This Chinese pepper steak takes just minutes to throw in the crockpot and it is even better than takeout! Digging into this beautiful bowl, you will never guess it is a healthy version of what you get from your local Chinese takeout. This dish is salty, sweet, and tangy, with an undertone of heat running through it. (Don’t worry – the heat is very mild – but you can certainly leave out the hot Thai chili paste if the idea of spicy scares you.) Low in fat and calories, gluten-free, and simple to make, this may be the perfect family meal. Serve with rice noodles or plain old rice for a gluten-free meal. For a low, low carb option, double the amount of beef broth and serve right out of the crockpot as an Asian “stoup” (something between a soup and a stew). Great for carbovores and low-carbers alike!
Start with a lean cut of beef and slice it into thin pieces.
Add these ingredients and the beef to the insert of the crockpot and stir. Cover and let your slow cooker do what it does best – cook while you go about your day.
During the last 30 minutes of cook time, add the cornstarch dissolved in water and stir. Turn the crockpot to Hi and leave uncovered for 20 minutes. Mix in the peppers. Put the cover back on and let cook for 10 more minutes.
Serve it up. Garnish with some cilantro or green onion. Enjoy!

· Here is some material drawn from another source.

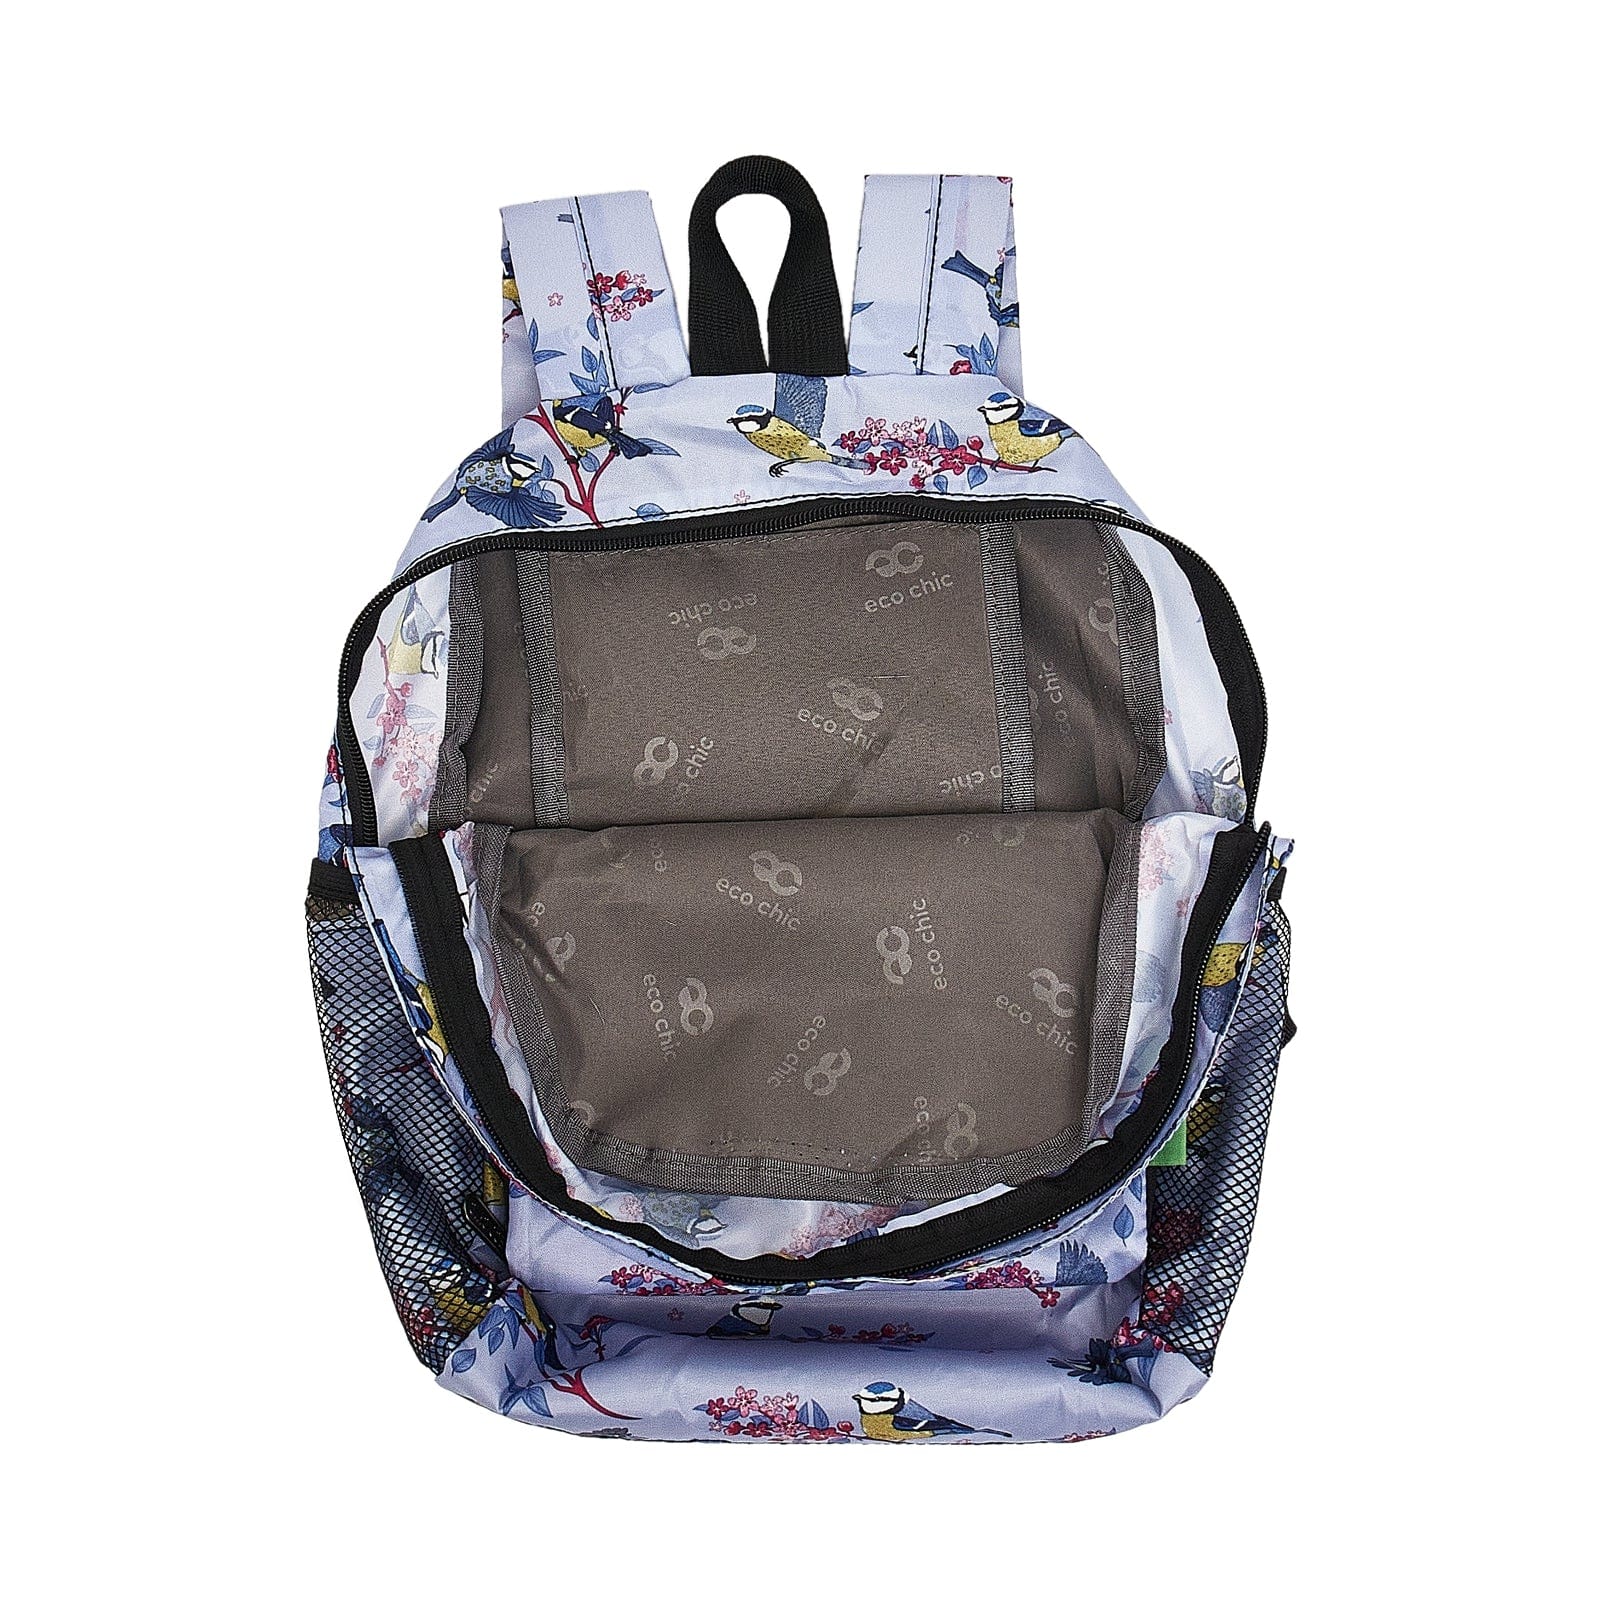 Eco Chic Lilac Eco Chic Lightweight Foldable Mini Backpack Blue Tits

- 2 pounds lean beef roast, such as Eye of Round or London Broil, sliced thinly against the grain
- 4 cups beef broth
- 3 TBSP soy sauce
- ¼ cup rice wine vinegar
- ¼ cup brown sugar, honey, or Splenda
- 1 teaspoon sesame oil
- 1 teaspoon Sriracha or hot Thai chili garlic sauce
- 2 inch piece fresh ginger, grated
- 5-6 garlic cloves, minced
- 3 tablespoons cornstarch, dissolved in about ⅓ cup warm water
- 3-4 red, yellow, orange, or green bell peppers, sliced (3-4 cups)
- ⅓ bunch of cilantro, chopped (optional)
- 3-4 stalks scallions, sliced on the diagonal (optional)
- Combine all ingredients, beef through garlic, in a crockpot. Heat on high for 3-4 hours or on low for 6- 7 hours.
- During the last half hour of cooking, add cornstarch dissolved in warm water and stir. Put crockpot setting on Hi and keep lid off. Let cook 20 minutes. Liquid will thicken.
- Add the peppers. Cover. Cook 10 minutes.
- To make gluten-free, serve over rice or rice pasta. To make low-carb, serve alone. With both options, top with cilantro or scallions, if desired.